Part IV: brocker Best practices!

11. Topic requires brocker memory and CPU resources, log compression requires heap (memory) and CPU cycles on brocker to complete successfully, and failed log compression will put brocker at unlimited growth in partition risk. You can use tunelog.cleaner.dedupe.buffer.size and log.cleaner.threads on brocker, but keep in mind that these values affect heap usage on brocker. If brocker throws an OutOfMemoryError exception, it closes and may lose data. The buffer size and the number of threads will depend on the number of topic partitions to be cleaned up and the data rate and key size of messages in those partitions. Starting with Kafka version 0.10.2.1, monitoring log cleaner log files for ERROR entries is the surest way to detect thread problems with log cleaners.

12. Monitor the network throughput of brocker Make sure to do this using send (TX) and receive (RX), disk I hand O, disk space, and CPU usage. Capacity planning is a key part of maintaining cluster performance.

13. Allocate the partition leader among the brocker in the cluster, which requires a lot of network Icano resources. For example, when running with replication factor 3, leader must receive partition data, pass it synchronously to all replicas, and then transfer it to consumers who want to use it. So, in this example, as a leader, there is at least four times as much use of the network I follower O as the leader has to read from disk and the follower only needs to write.

14. Don't ignore the synchronous copy (ISR) reduction of monitoring brocker, inadequate partitions, and unpopular lesder. These are signs of potential problems in the cluster. For example, the frequent ISR contraction of a single partition may indicate that the data rate of that partition exceeds the ability of leader to serve consumers and replica threads.

15. Modify the Apache Log4j attribute as needed. Kafka agent logging may take up too much disk space. However, do not abandon logging completely, brocker logging may be the best and sometimes the only way to reconstruct the sequence of events after an event occurs.

Disable topic to automatically create specific policies and regularly clean up unused topic. For example, if you don't see any messages in x days, consider topic invalidation and remove it from the cluster to avoid creating additional metadata that must be managed in the cluster.

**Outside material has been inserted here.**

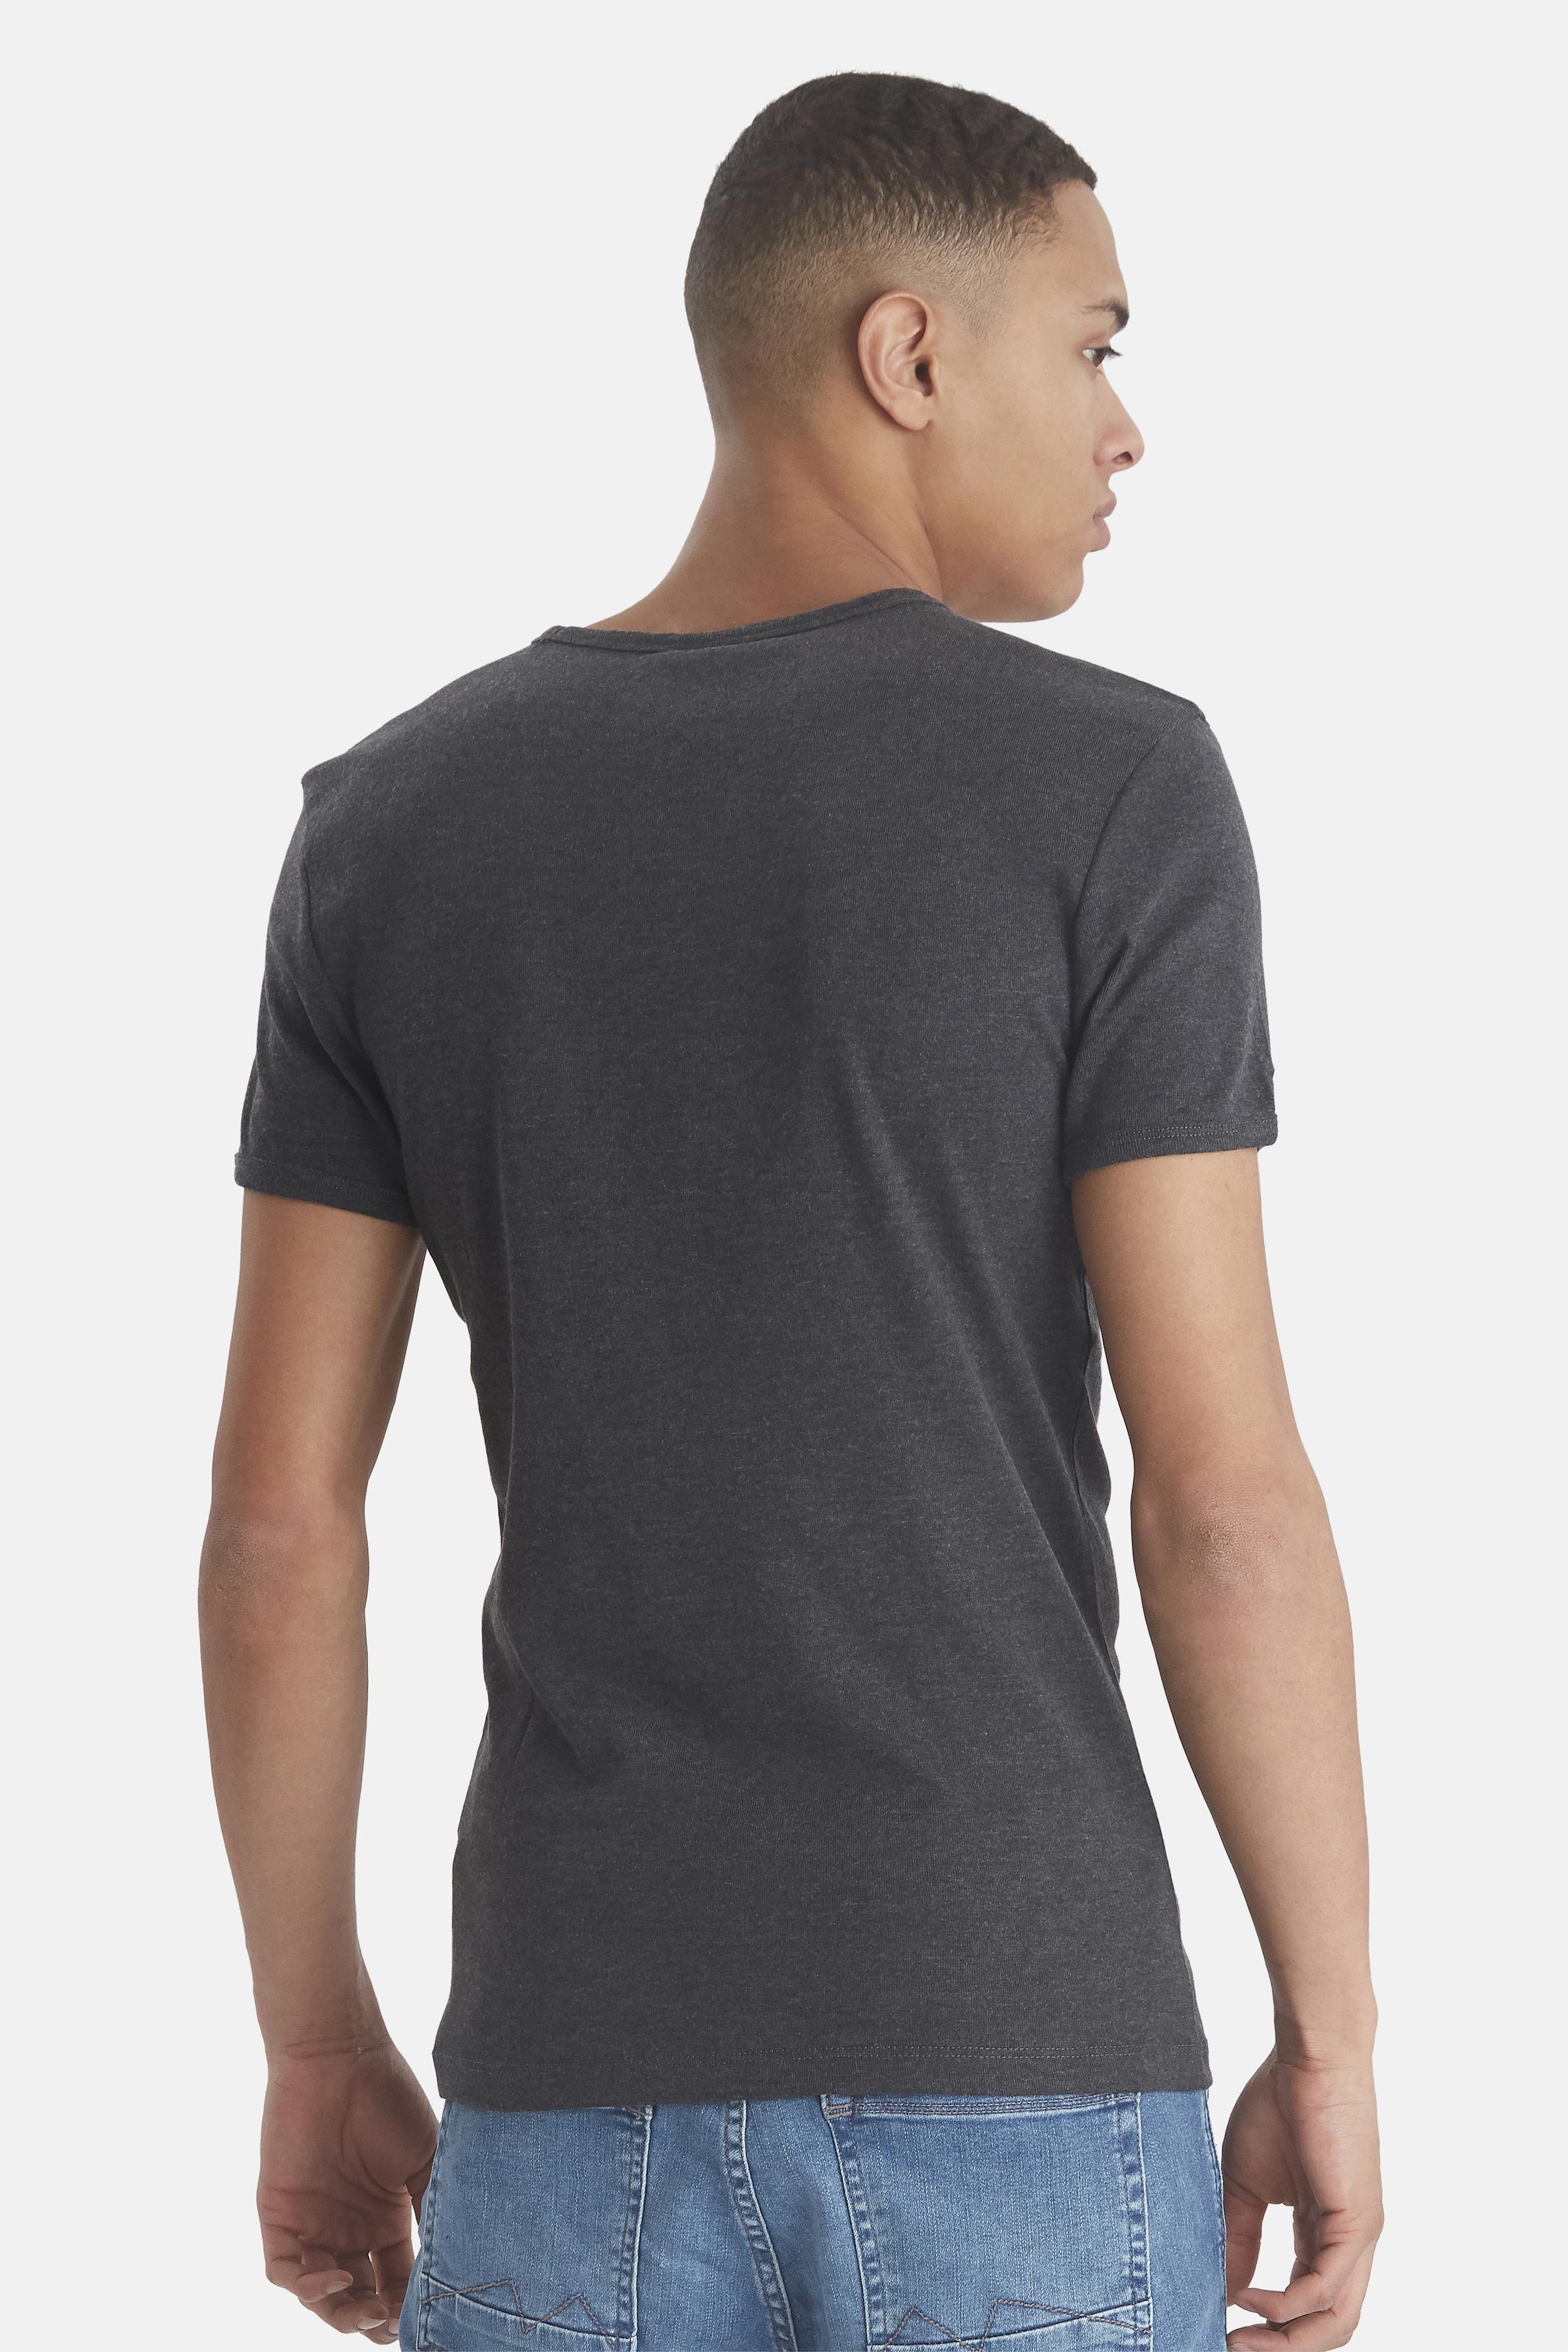 Black T-shirt – Køb Black T-shirt fra str. XS-3XL her

For persistent high-throughput agents, provide enough memory to avoid reading from the disk system, and partition data should be provided directly from the operating system's file system cache as much as possible. However, this means that consumers must be able to keep up, and lagging consumers will force brocker to read from disk.

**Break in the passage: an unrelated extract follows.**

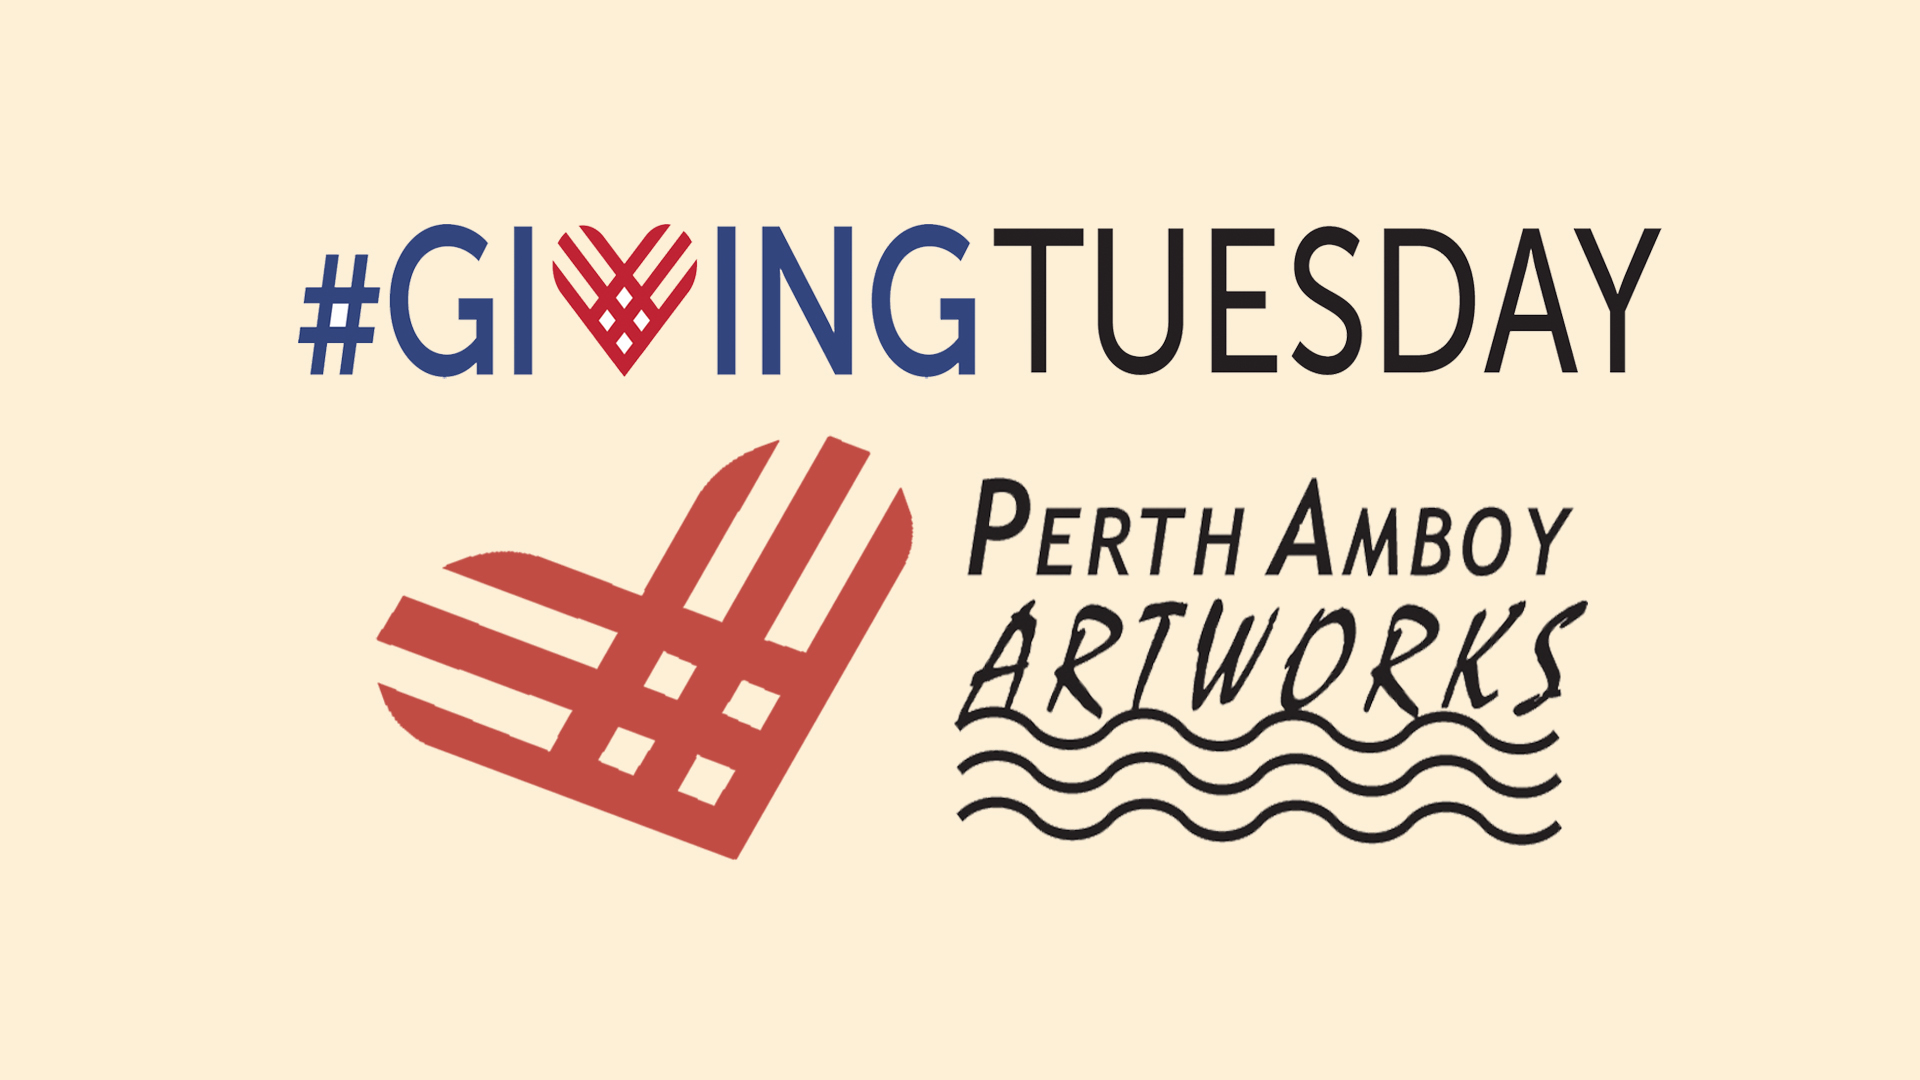 Giving Tuesday 2018 Perth Amboy Artworks

For large clusters with high throughput service level objectives (SLO), consider isolating topic to a subset of brocker. How to determine which topic to isolate depends on business requirements, for example, if you have multiple online transaction processing (OLTP) systems using the same cluster, isolate the topic of each system to a different subset of brocker to help limit the potential explosion radius of events.

19. Older clients that use newer topic message formats (and vice versa) impose an additional burden on brocker programs when converting the format on brocker clients, and avoid this situation as much as possible.

Don't assume that testing brocker on a local desktop represents performance in an actual production environment. Testing the loopback interface of a partition with replication factor 1 is a completely different topology from most production environments. Network latency can be ignored through loopback, and the time required to receive leader acknowledgements can vary widely when replication is not involved.

This is the end of "how to use Scala to develop Apache Kafka". Thank you for reading. If you want to know more about the industry, you can follow the website, the editor will output more high-quality practical articles for you!

Welcome to subscribe "Shulou Technology Information " to get latest news, interesting things and hot topics in the IT industry, and controls the hottest and latest Internet news, technology news and IT industry trends.

*The comments in the above article only represent the author's personal views and do not represent the views and positions of this website. If you have more insights, please feel free to contribute and share.